MIAMI GARDENS — As much hype as there is around Tua Tagovailoa and whether the Miami Dolphins quarterback’s arm strength has improved this offseason, what may be of greater importance for this offense is if new coach Mike McDaniel will transform the team’s run game.

The Dolphins have been among the bottom four teams in rushing yards per attempt each of the past three seasons, and McDaniel’s background leading a rushing attack with the San Francisco 49ers will have to flip that script.

Along with installing his outside-zone scheme, McDaniel revamped the backfield upon arriving in Miami, bringing in the speedster Raheem Mostert, the dynamic Chase Edmonds and the between-the-tackles rusher Sony Michel to tack on to Myles Gaskin and Salvon Ahmed, who return from last season.

The full stable hasn’t yet been on display in practices that have ranged from two weeks of organized team activities to this past week’s two-day mandatory minicamp, with one more week of OTAs to follow, but that’s expected to change by training camp in late July. The Dolphins also should have free agent left tackle Terron Armstead, a run-blocking bulldozer, participating in team drills by then.

And even amid Tagovailoa’s expected third-year strides and the receiving corps upgrade that Tyreek Hill and Cedrick Wilson Jr. bring, McDaniel’s offense still projects to be run-first. An effective ground game can open up the passing game and play-action pass for Tagovailoa.

While the run game will mostly be understood of new pieces, that’s not to say there’s a lack of familiarity surrounding it. McDaniel brought in Mostert, who has all 1,610 of his career rushing yards in his system in San Francisco after being a journeyman tailback with the Chicago Bears, Cleveland Browns, Baltimore Ravens and even the Dolphins. Armstead can play the Trent Williams role from that group’s pounding offensive line.

Even Edmonds has watched McDaniel’s rushing attack do what it does from the sideline twice a year while an NFC West rival with the Arizona Cardinals.

“I’ve played against it for the last four years,” said Edmonds following Wednesday’s minicamp session where he showcased his speed. “It’s something special with how they disguise everything, the window dressing to make everything look the same. It really confuses the defense and holds the defense to be disciplined and have gap integrity.”

Edmonds is efficiently accustomed to working in the inside zone, going back through high school, college and in the NFL with the Cardinals, so it’s still an adjustment for him.

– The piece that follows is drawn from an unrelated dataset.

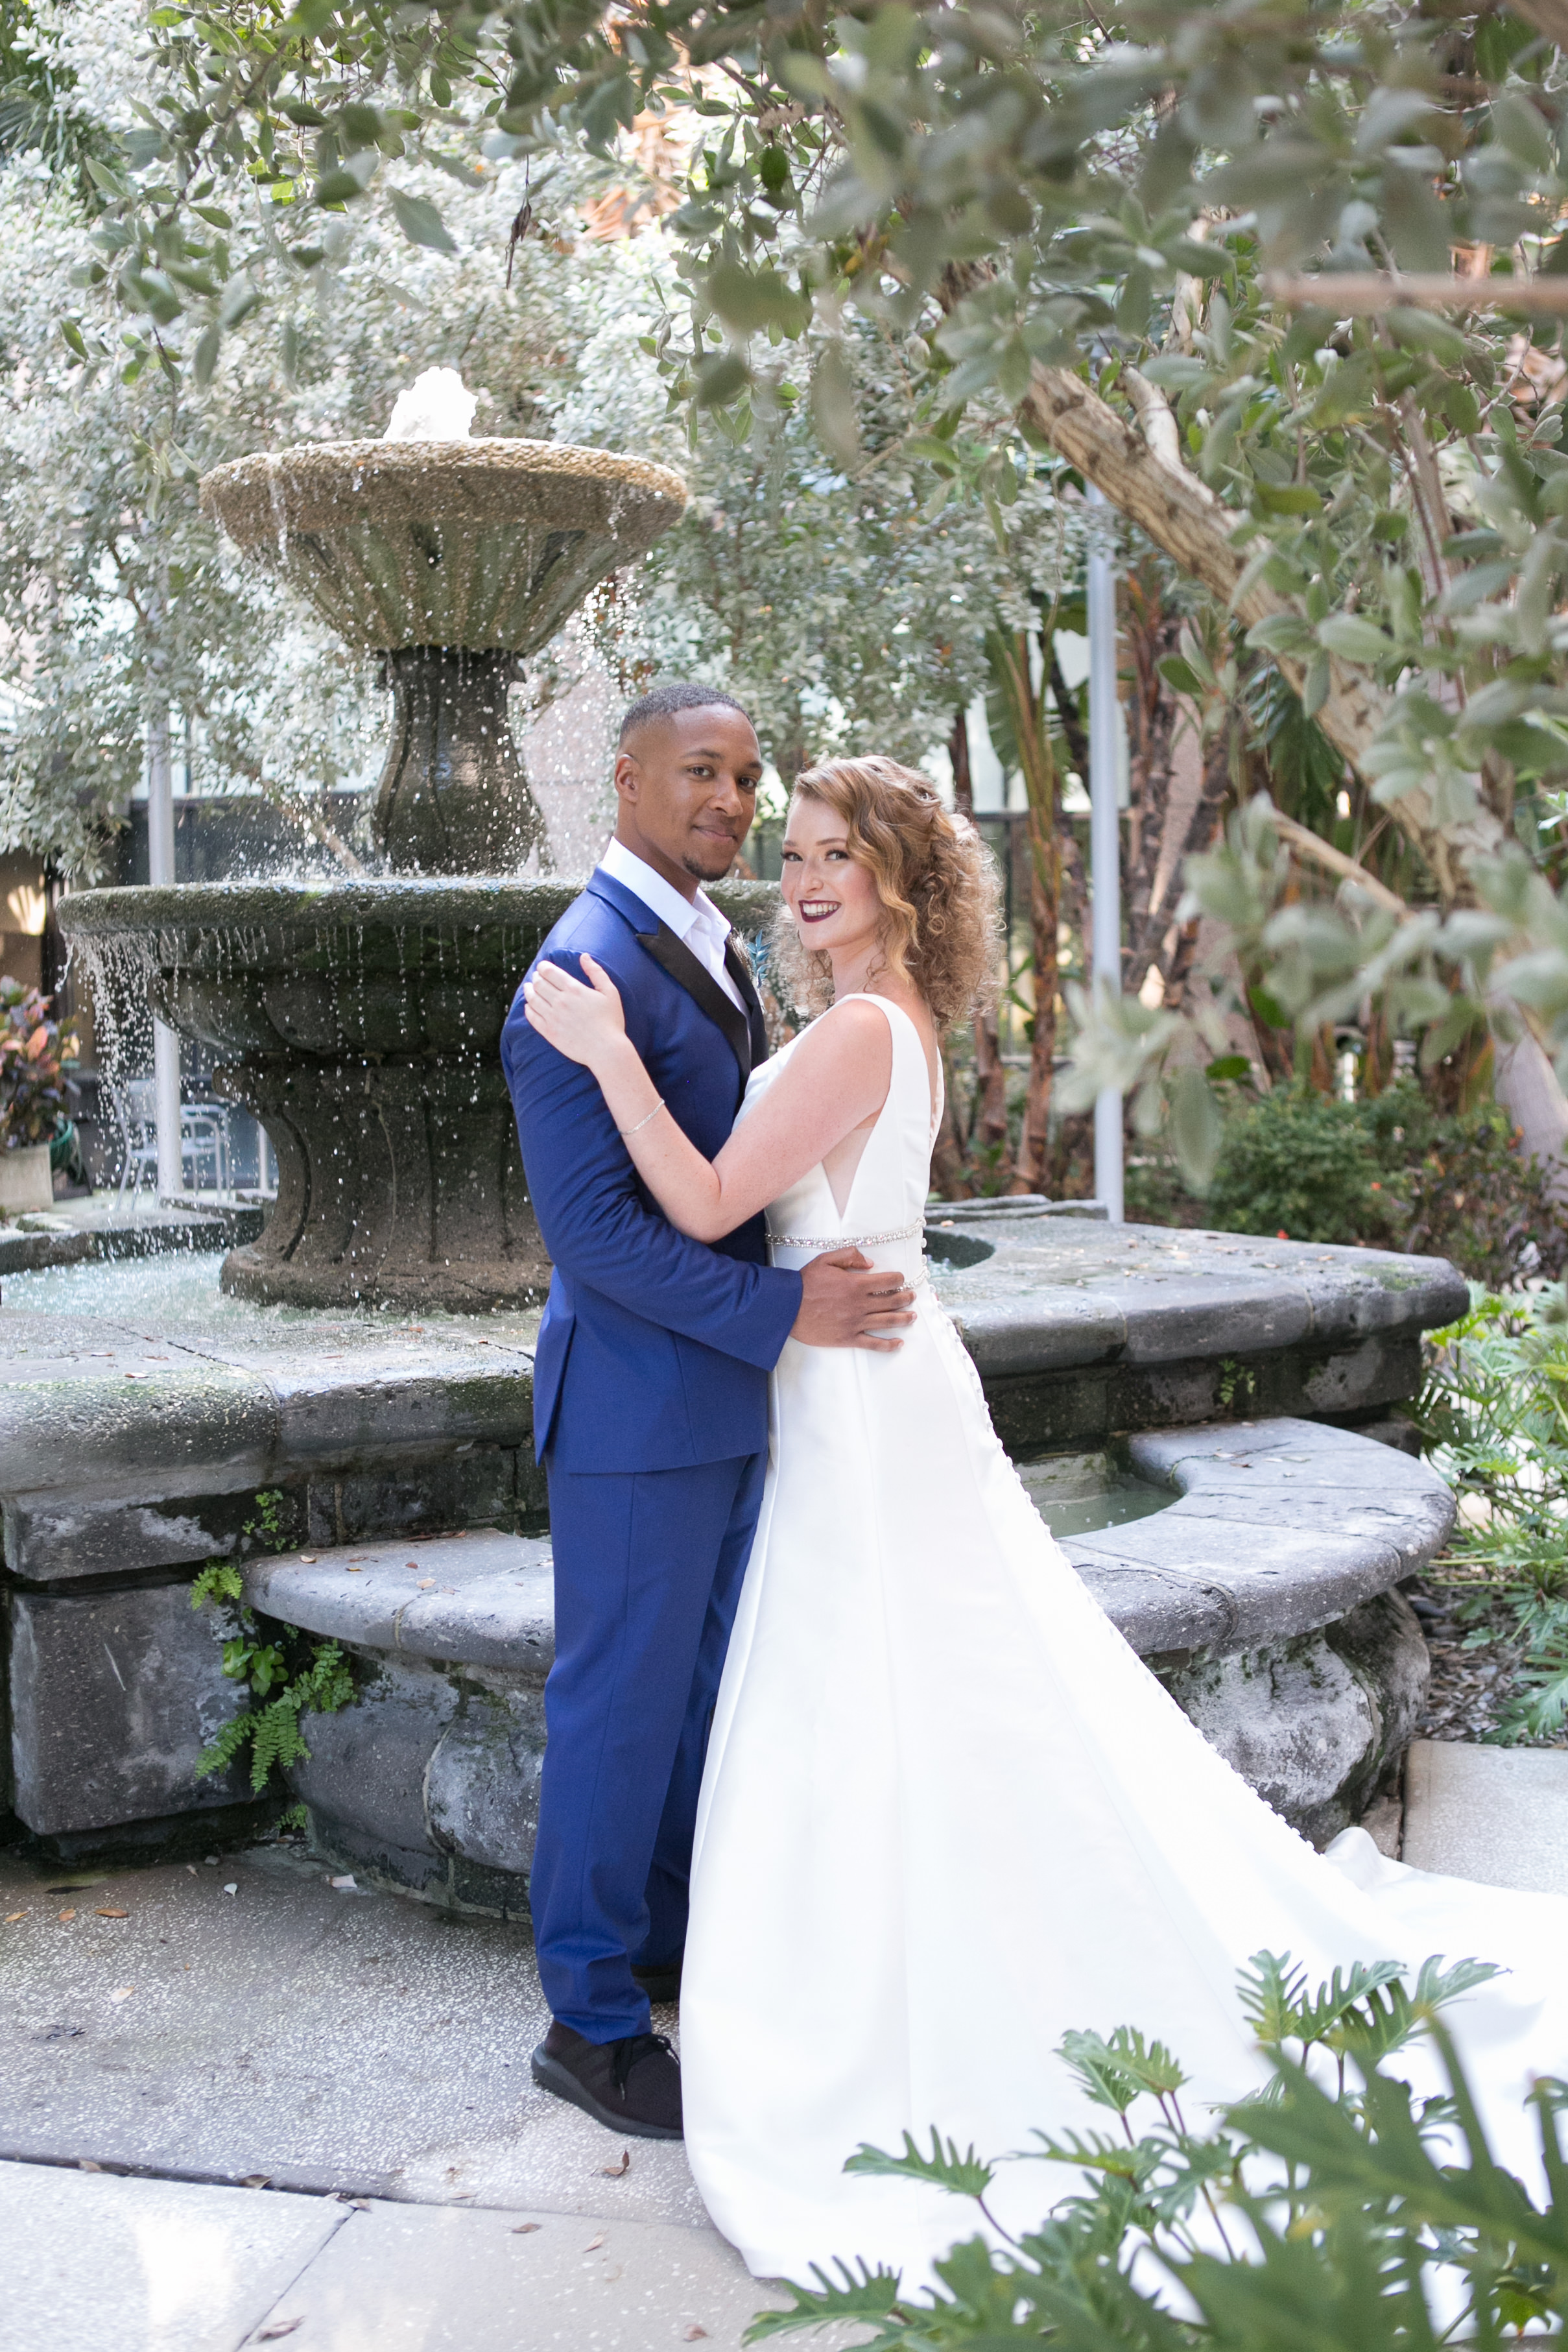 Romantic Classic Bride and Groom Wedding Portrait, Groom in Blue Suit with Black Collar Trim | Tampa Bridal Wedding Dress Boutique Truly Forever Bridal | South Tampa Bridal Hair and Makeup Michele Renee the Studio | Wedding Photographer Carrie Wildes Photography

“Just getting used to the wider tracks, and the cuts are going to be at different angles and the lanes are going to be at different angles,” Edmonds said. “The flow of the [line]backers are different because, in inside zone, it’s more slow to fast, where I can pitter-patter my steps. Outside zone here, it’s kind of like you’re riding a wave. Once you hit that wave, you’ve got to hit it and go. I’m getting used to that. I’m getting my feet under me. I’m taking pride in that journey, that challenge, of fine-tuning it.”

Edmonds said the system is primarily why he came to Miami, along with his belief in McDaniel being able to highlight his ability to catch the ball out of the backfield.

The Dolphins’ tight end group will also be instrumental with their run blocking in the outside zone. McDaniel said it was a process for him and his staff to decide this offseason to keep last year’s unit of Mike Gesicki, Durham Smythe, Adam Shaheen, Hunter Long and Cethan Carter together.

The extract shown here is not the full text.